Finally, we studied mitophagy and autophagy modulation in the TDP-43A315T transgenic mouse model of ALS [25]. Previous data from the lab indicated a decrease in the phosphorylation of TDP-43 in combination with MN preservation and a decrease in glial reactivity after the treatment with IGS2.7 [21]. However, the modulation of autophagy and mitophagy by IGS2.7 in this mouse model has not been studied and would expand the therapeutic potential of the hit. To this end, TDP-43A315T transgenic mice were treated daily with IGS2.7 at two concentrations (0.5 and 1 mg/kg) or the vehicle from postnatal day 65 to 95. Doses were selected based on previously known IGS2.7 in vivo pharmacokinetic parameters [26] and our previous experience in that animal model [21]. Wild-type animals were only treated with the vehicle. Then, we performed the immunostaining of the autophagy substrate p62 and the mitochondrial protein TOMM20.
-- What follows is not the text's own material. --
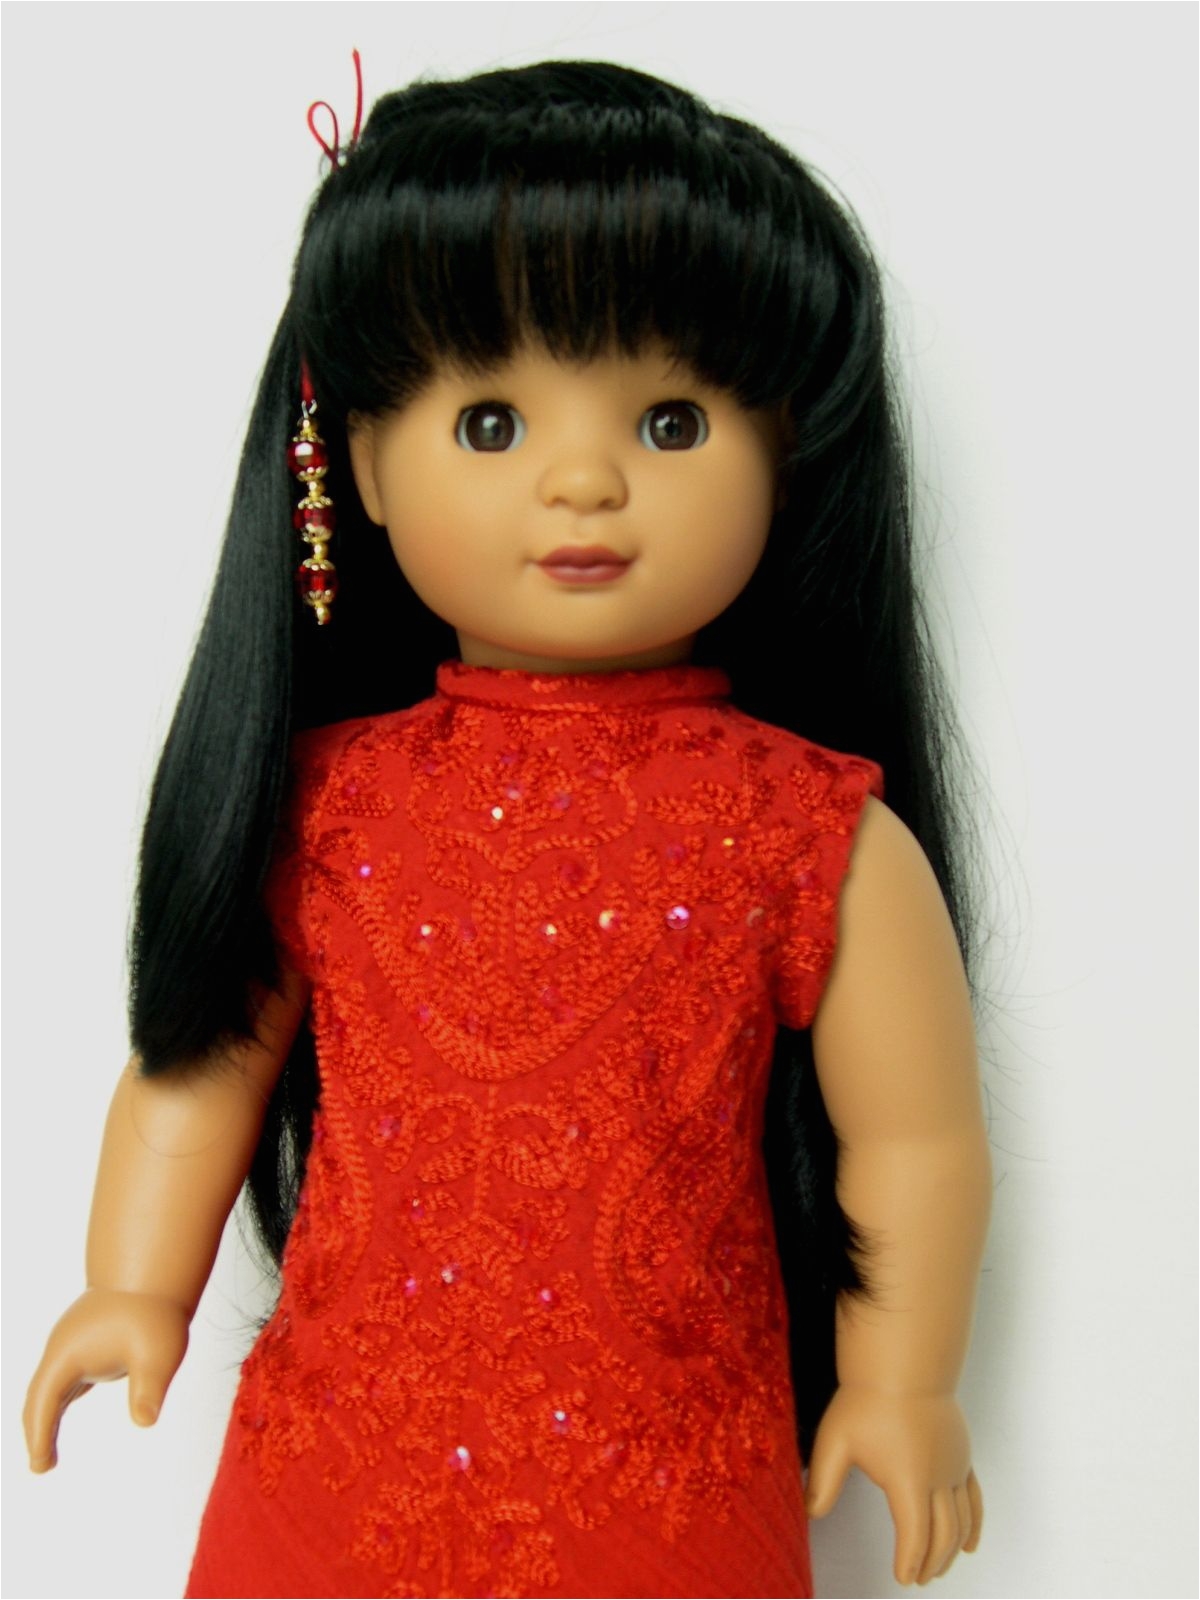 doll clothes made to fit 18 inch dolls like american girl alicia by gotz is modeling a dress upcycled or refashioned from a ladies blouse see my

Analysis of p62 per MN revealed a decrease in the protein in the transgenic mice compared with the levels found in control animals. Treatment with IGS2.7 trends to an increase in the p62 protein level in a dose-dependent manner; almost reaching the wild-type levels (Figure 7B). This indicates that similar to SOD1- and TARDBP-ALS lymphoblasts, autophagy is increased in this mice model and the treatment with IGS2.7 restored autophagy to control levels. TOMM20 staining revealed a decrease in the mitochondrial mass in the transgenic mice compared with control. The treatment with IGS2.7 restored the mitochondrial protein level to the control at the highest dose (1 mg/kg) (Figure 7B).

3. Discussion

Targeting autophagy and mitophagy in ALS is gaining interest in the medicinal chemistry field due to the important role of these degradative pathways in cellular homeostasis [5]. In neurodegeneration, protein aggregates and defective mitochondria accumulation encourage scientists to look for autophagy inducers to eliminate harmful cargo [27]. However, because autophagy must be maintained at healthy levels to remove defective organelles, an excessive removal of those organelles is also detrimental. In fact, autophagy induction has been reported to be controversial in ALS and depends not only on the autophagy enhancer but also on the stage of the disease [28].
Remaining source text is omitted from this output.